In a message dated 10/4/07 8:34:23 PM US Mountain Standard Time,
mickeycrimm@yahoo.com writes:

That rule of a non-paying hand certainly cuts the potential value of

a four

to a royal promo. Looks like 20-23 is the range of the 47 cards

left that will

disqualify the hand.

It looks to be 22-23 to me:

(a) KQJTc:
3x9 or 3xA will make a straight (might have discarded one)
2c-8c will make flush (might have discarded one)
high pair: 3xK, 3xQ, 3xJ (might have discarded one)
the 9 of clubs will complete a straight flush (would not have broken that)
Ac will make the royal, but then we don't need this stuff. Let's just
consider the 46 remaining cards that don't make the royal.
Total: 6+7+9+1=23, 22 if broke a straight/flush/high pair
There are similarly 23 of the 46 (exactly half) where the hand is made
as dealt. So half the time it's 23 that will end up paying, the other
half 22, for an average of 22.5.

(b) AKQJc:
3xT will make straight
2c-9c will make flush
3xA, 3xK, 3xQ, 3xJ will make high pair
Total: 3+8+12 = 23, 22 if broke straight/flush/high pair
Similarly, an average of 22.5.

(c) Other ace high, e.g. AKQTc:
3xJ (etc) will make straight
2c-9c will make flush
3xA, 3xK, 3xQ will make high pair
Total: 3+8+12 = 23, 22 if broke a straight/flush/high pair
Similarly, an average of 22.5.

Although there are 3 suits for the discarded card (e.g. Jh, Jd, Js),
you only discard one of them (say Jh), and you can still draw one of
the other two (say Jd) to make a high pair. Also, the "might have
discarded" cards don't overlap, so even though there are three classes
of card you might have thrown away, whatever you discard is a member
of only one of those classes (e.g. it make a straight, or it made a
flush, or it made a high pair; never more than one of these). The 9 of
club is a special case where it makes a straight and a flush, but then
you have a hand worth 50, presumably way more than a 4-card royal is
worth (some 20), so you would not discard the 9c, and all this doesn't
apply.

Obviously, the same goes for the other suits; I just used clubs as a
concrete example.

So it's 23 half of the time, and 22 for the cases where you break a
made hand (let's hope that *they* are not disqualified as well... I
don't think so, this is supposed to be compensation for a "bad beat",
and throwing away a flush to get nothing sounds like a bad beat to
me). That's very close to half the possible draws (actually exactly
half since the Ac completes a royal, and a royal is most certainly a
paying hand, so really it's 23.5 out of 47, not 22.5 out of 46). Four
to the straight flush is such a damned strong hand

M.

Duh. I've done it again. I can't seem to get it through my thick head
that these are *post draw* 4 to the royals.

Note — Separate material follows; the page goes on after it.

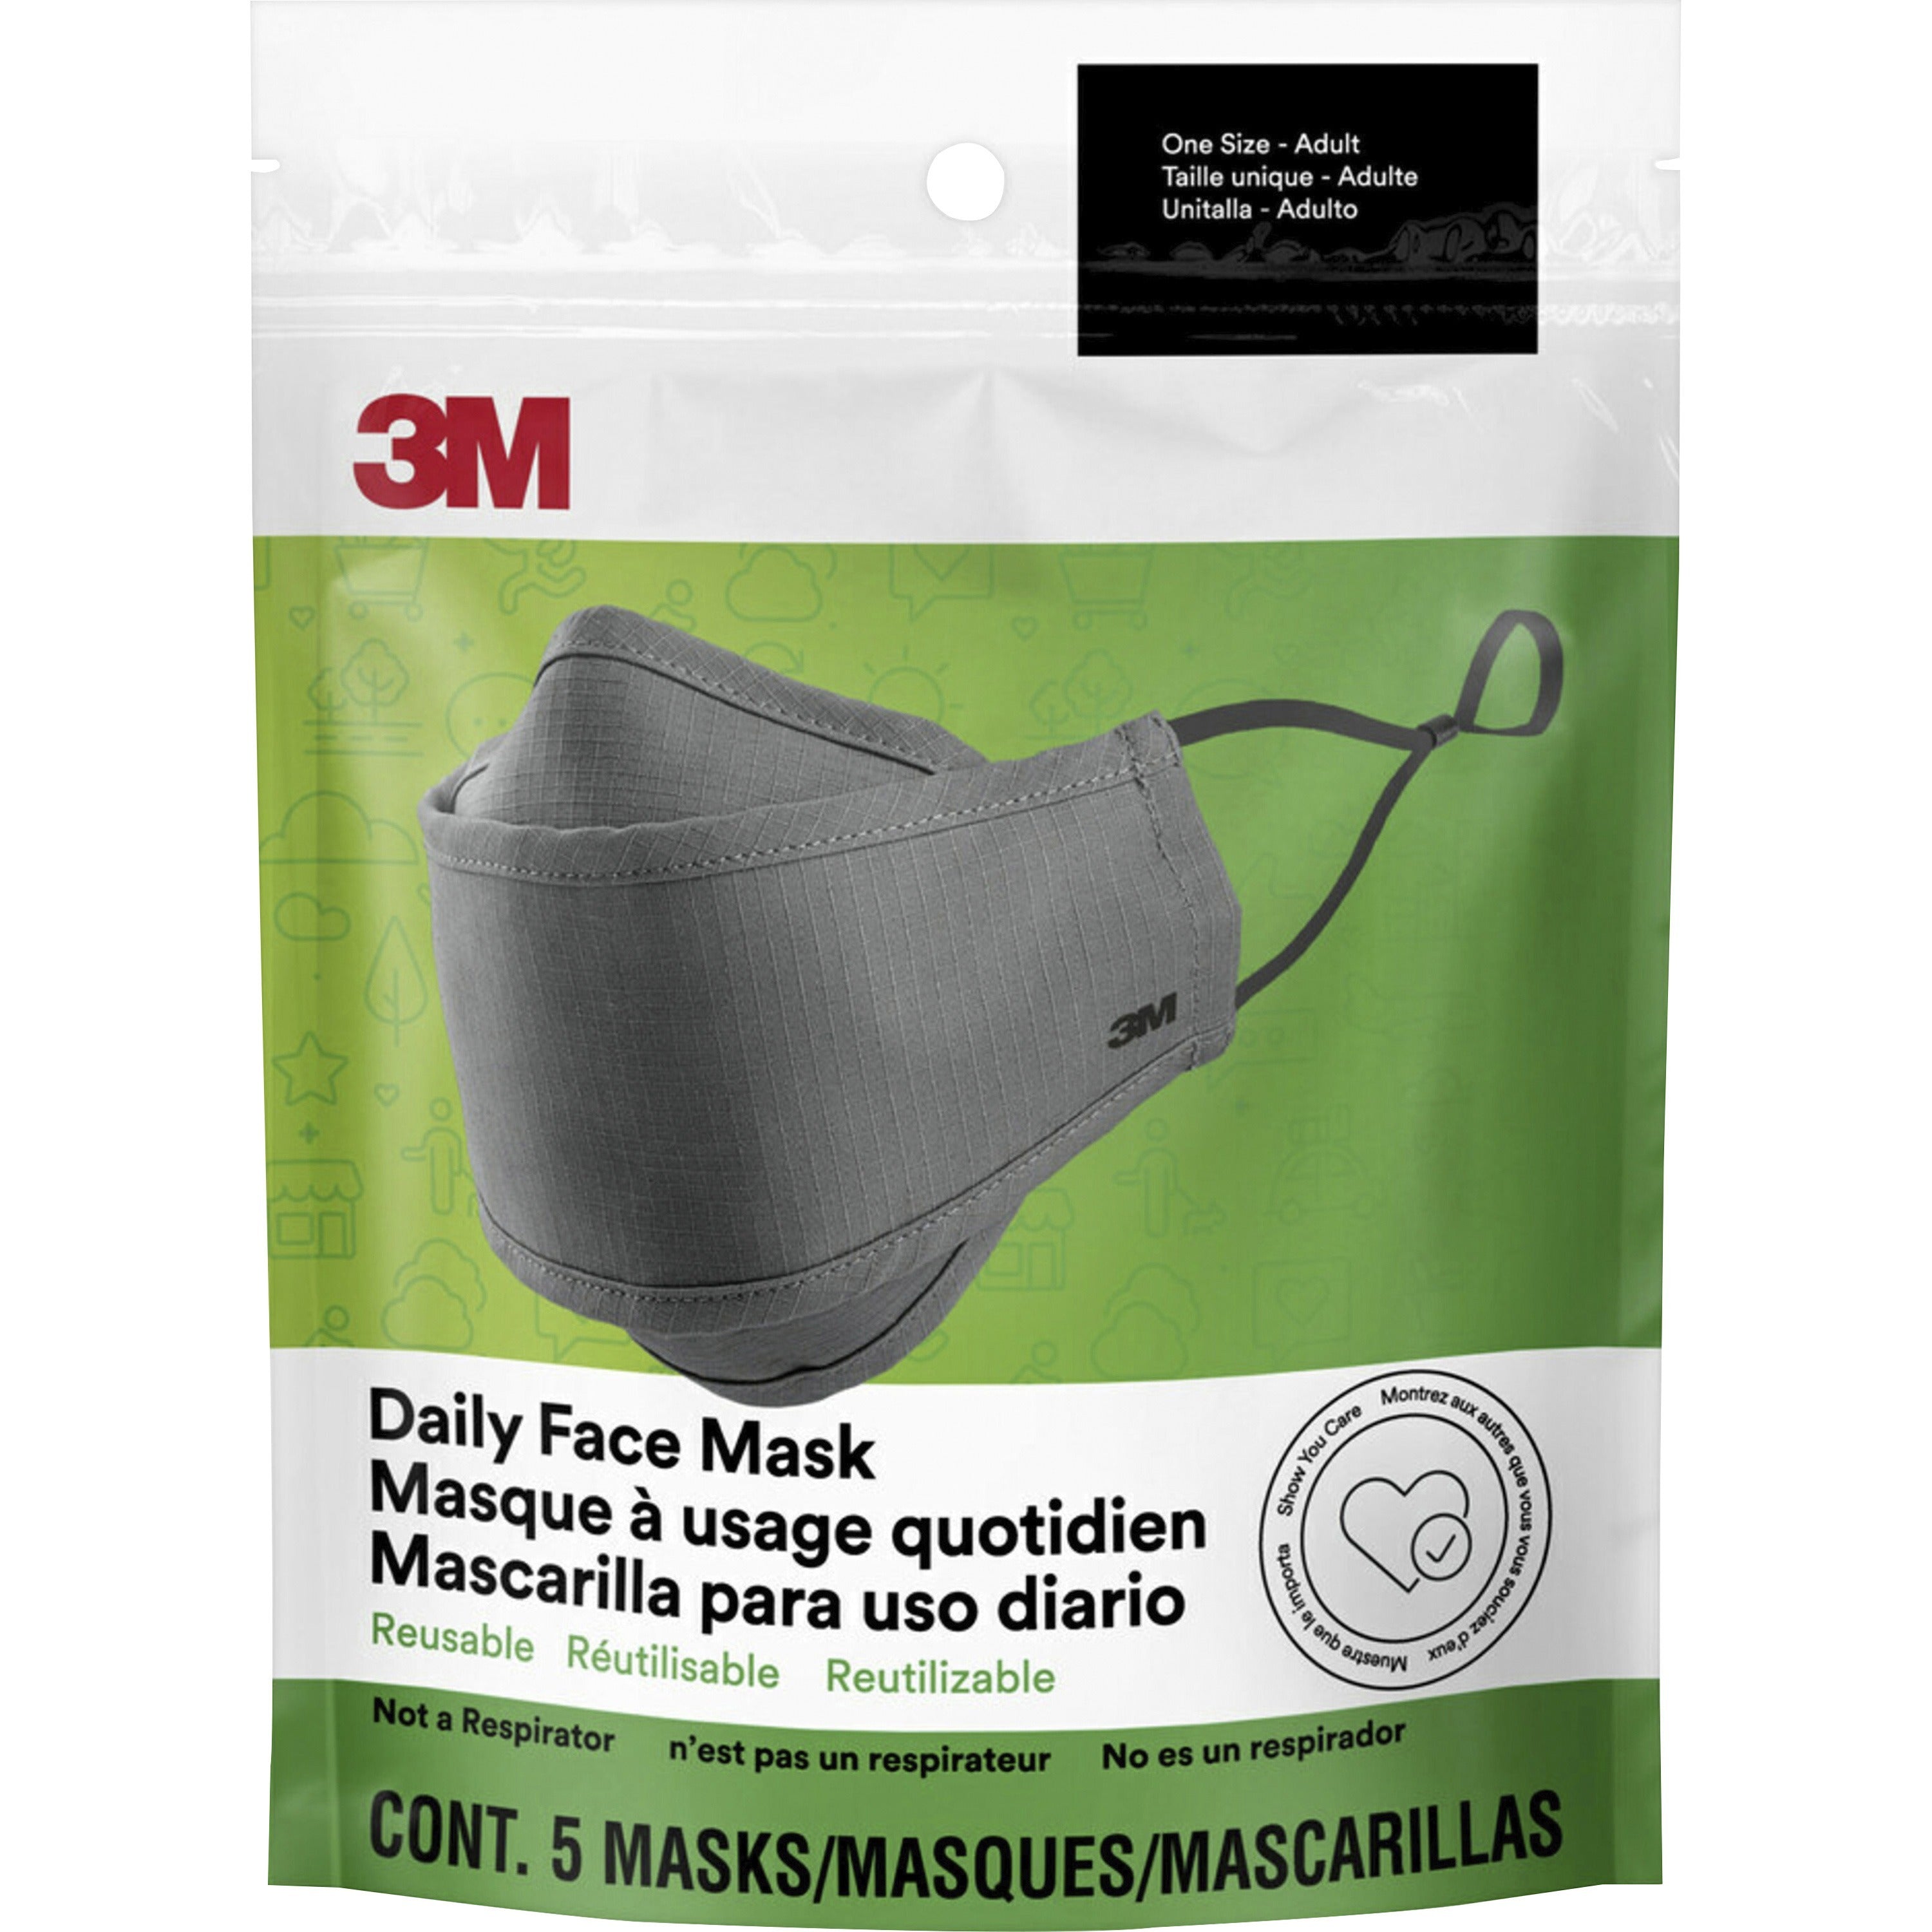 3m-daily-face-masks-recommended-for-face-indoor-outdoor-office-transportation-cotton-fabric-gray-lightweight-breathable-adjustable-elastic-loop-nose-clip-comfortable-washable-5-pack_mmmrfm1005 - 1
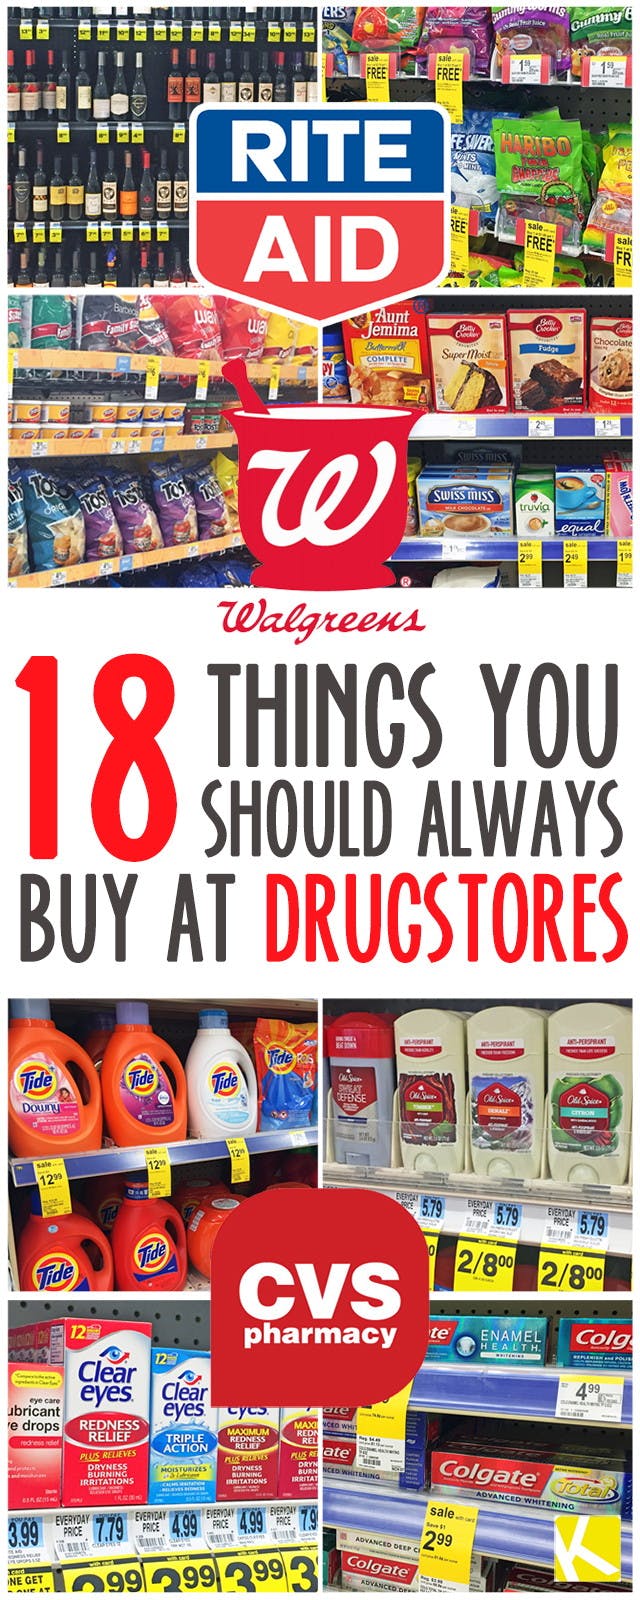 14 Shocking Things You Should Always Buy at Drugstores

So there is no adjustment for straight flushes; a straight flush is a
paying hand. Period.

There may be strategy tweaks that affect the frequency of completing
to 4 card royals (the 460 figure). The question is, how often are
post-draw 4 card royals paying hands, thus disqualifying them from the
promotion (if that's how it is worded).

There are 46 possible rank and suit combinations for the final card.
(The 47th makes a 5-card royal.) Correct me if I'm wrong, but I
believe that they are all equally likely. In my previous post, I
showed that there are 23 of the 46 possible draws that end up as
paying hands. The vast majority of these pay way less than 20 bets,
making only high pairs, straights, or flushes, which makes them
irritating but that's irrelevant to the analysis.

So exactly half of post-draw 4-card royal flushes are paying hands. So
the promotion requirement that the hand is non-paying cuts the
expected return of the promotion exactly in half.

Sorry for the confusion.

M.